▶ _Provided data_:
++++
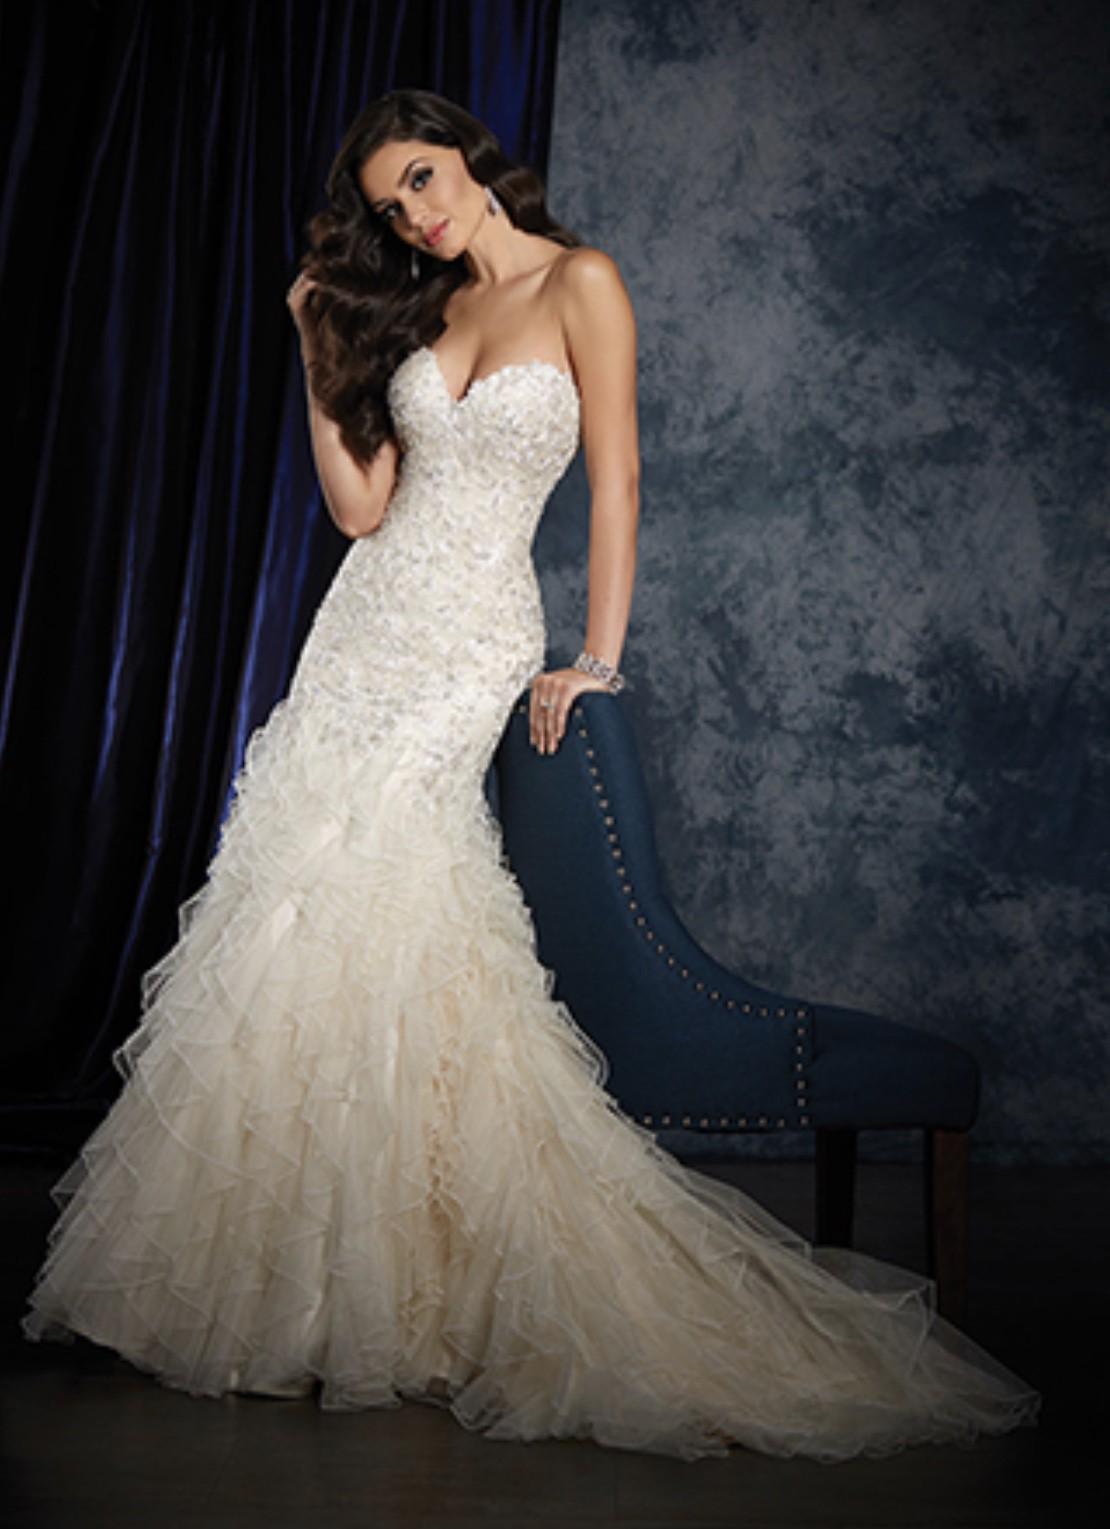 b54755a5d8 Alfred Angelo Wedding Dresses  Designer Wedding Dress
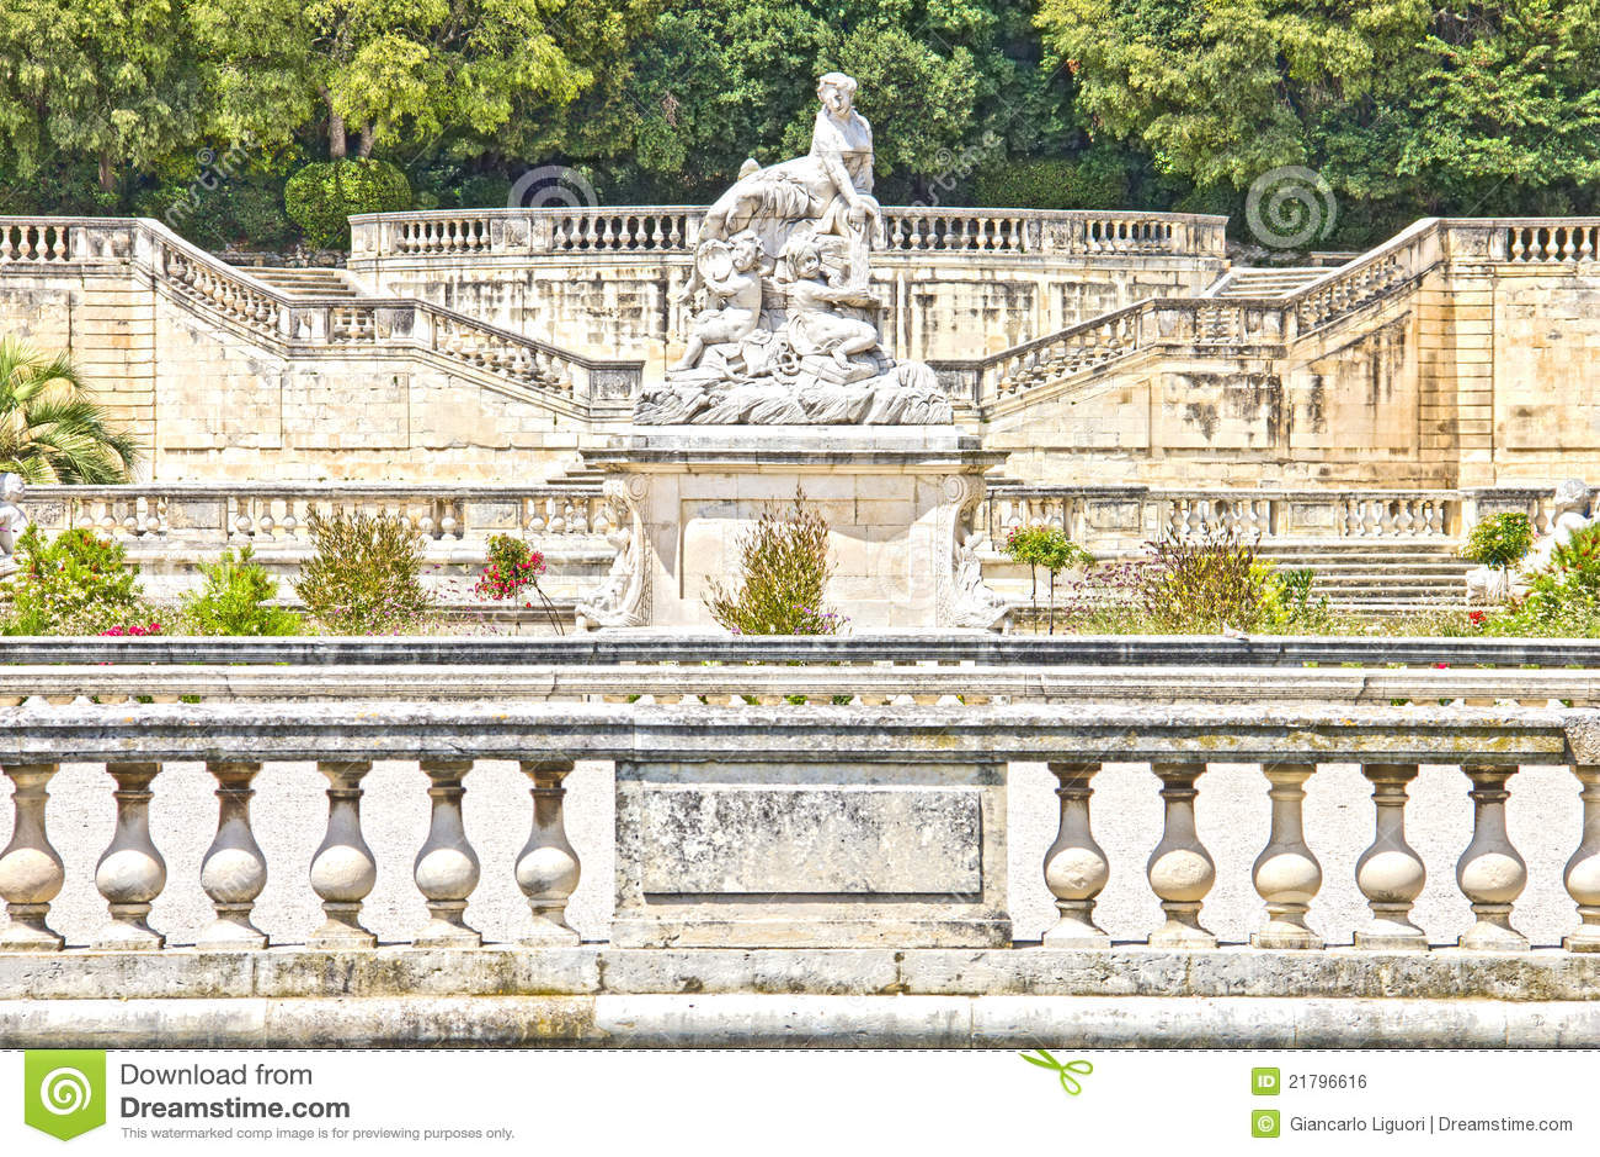 park jardin de la fontaine in nimes royalty free stock image image 21796616. Black Bedroom Furniture Sets. Home Design Ideas
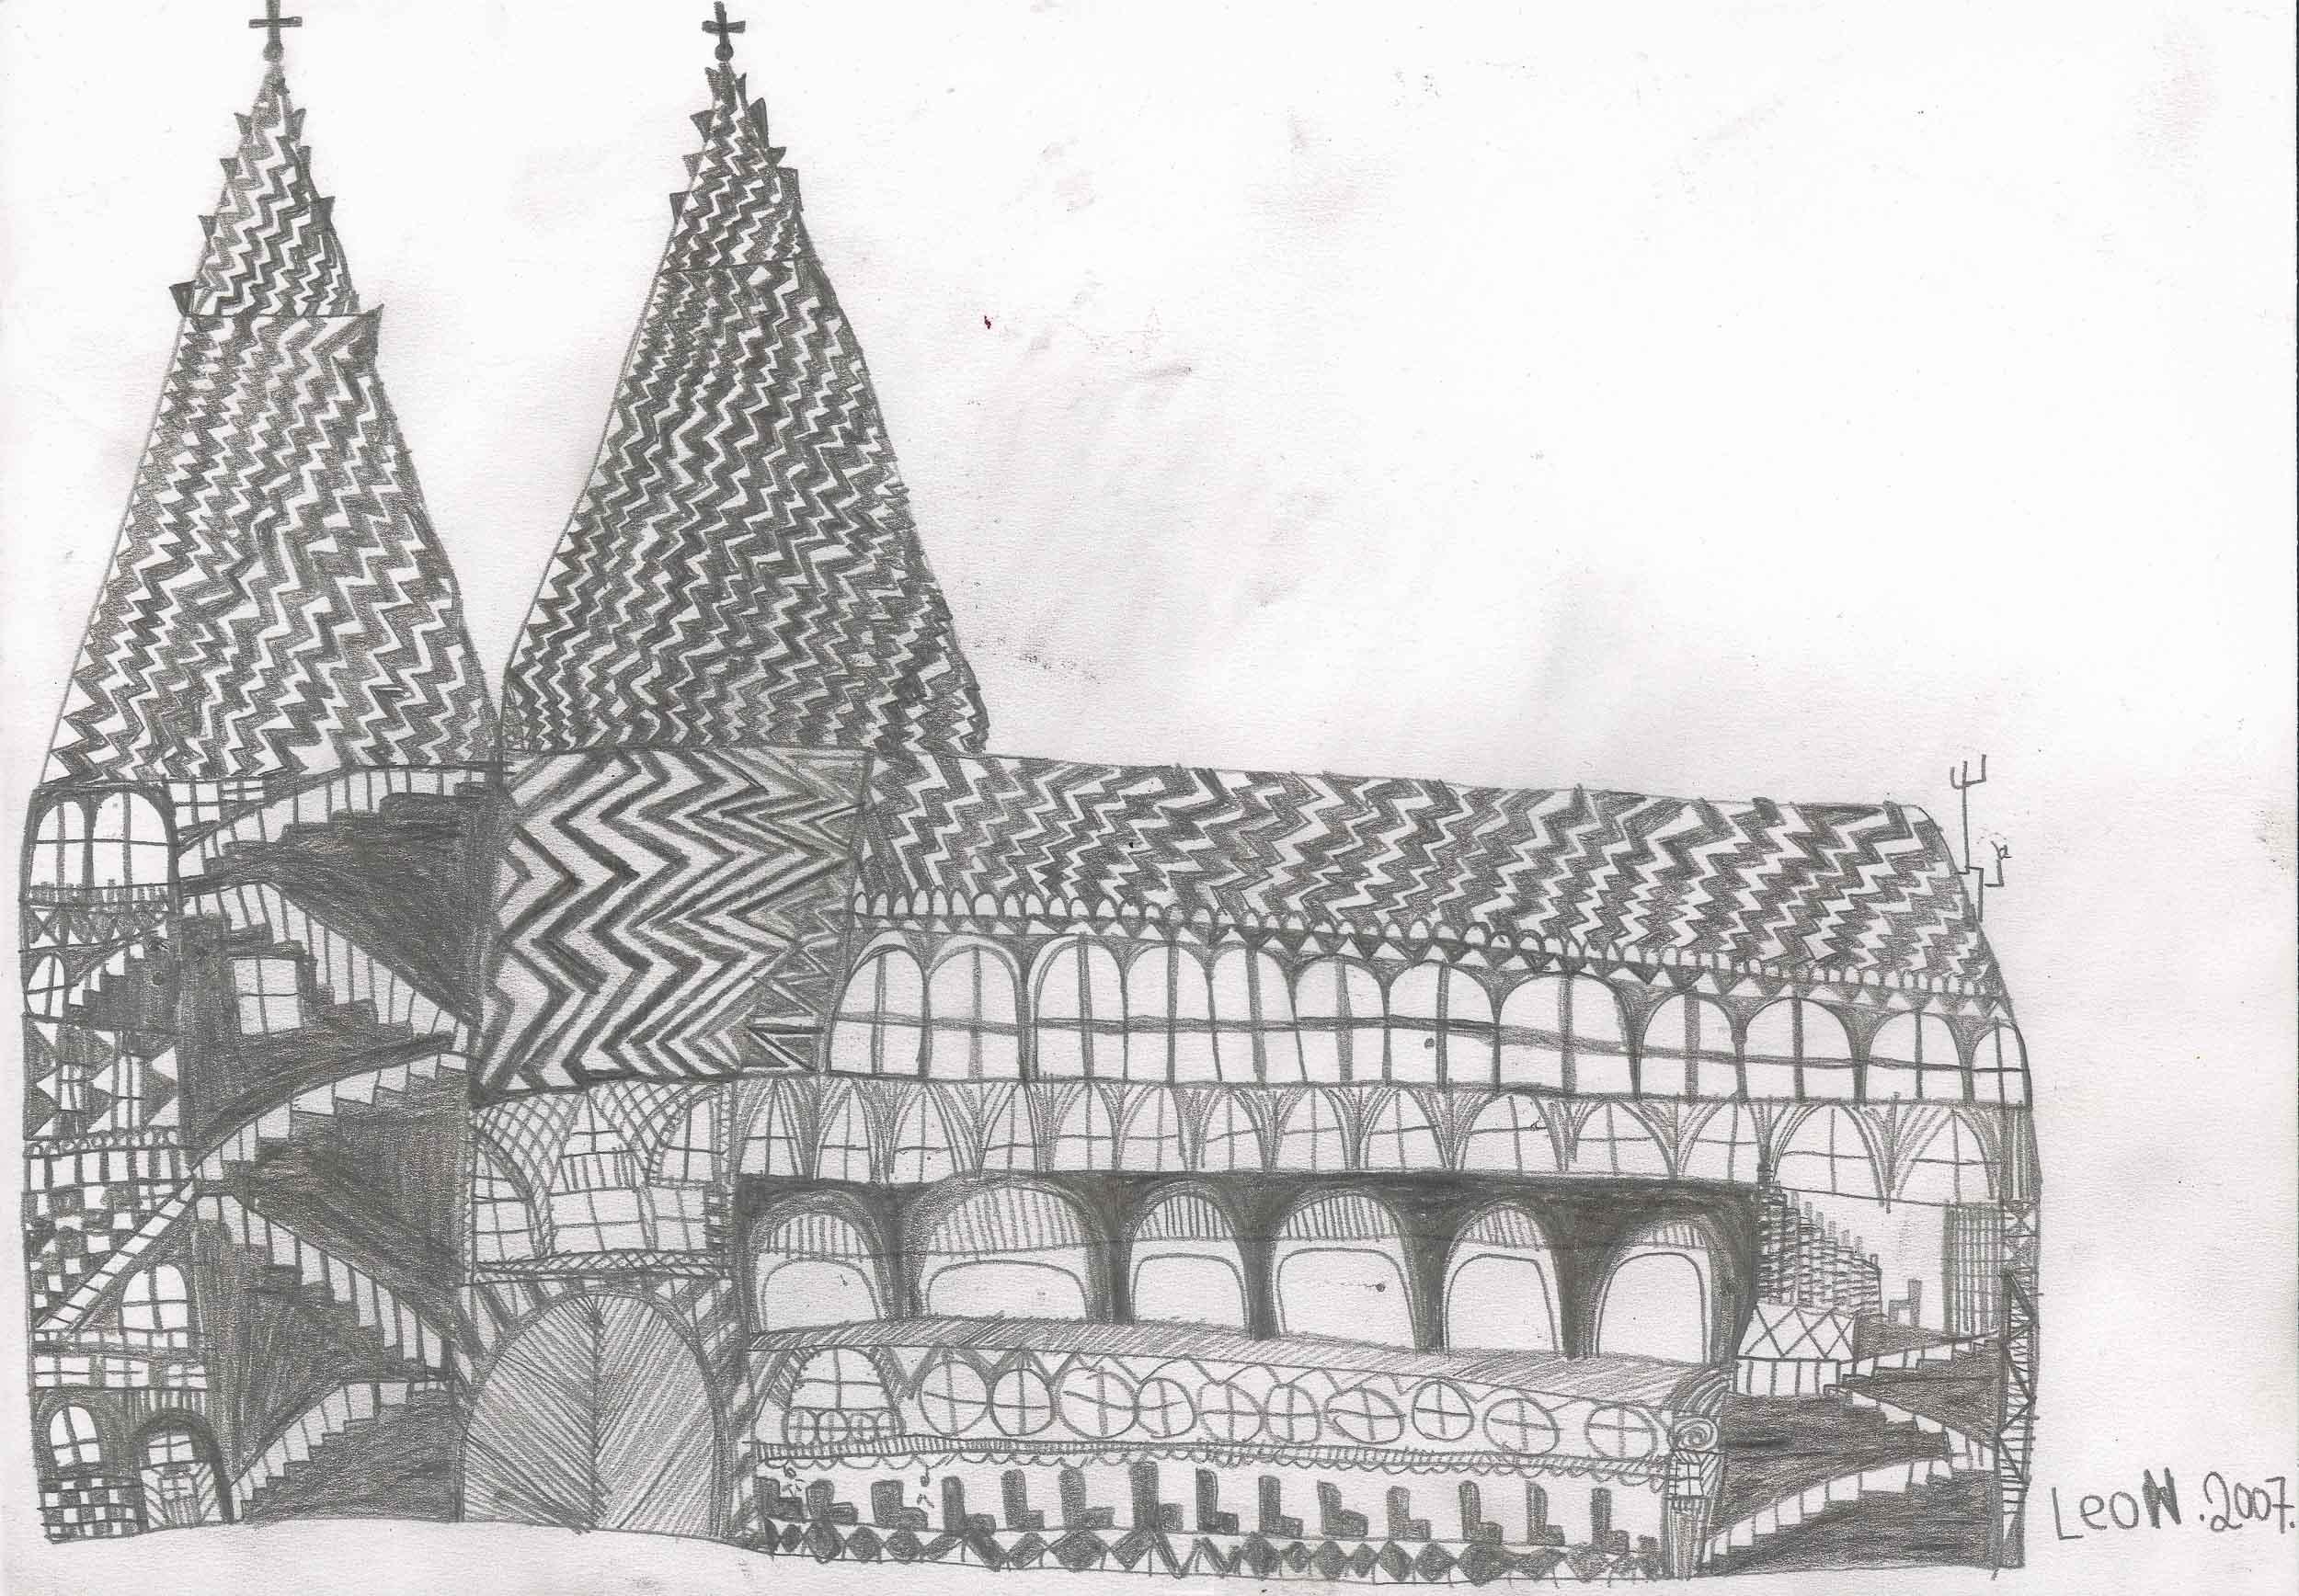 fink leonhard - Die Stephanskirche / St. Stephen's Cathedral
++++
▶ _Assignment_: Your task is to quote exactly the lines from the one with "park jardin de" through the end of the material, both included, without reproducing any pictures.

▶ _Task output_:
 park jardin de la fontaine in nimes royalty free stock image image 21796616. Black Bedroom Furniture Sets. Home Design Ideas
 fink leonhard - Die Stephanskirche / St. Stephen's Cathedral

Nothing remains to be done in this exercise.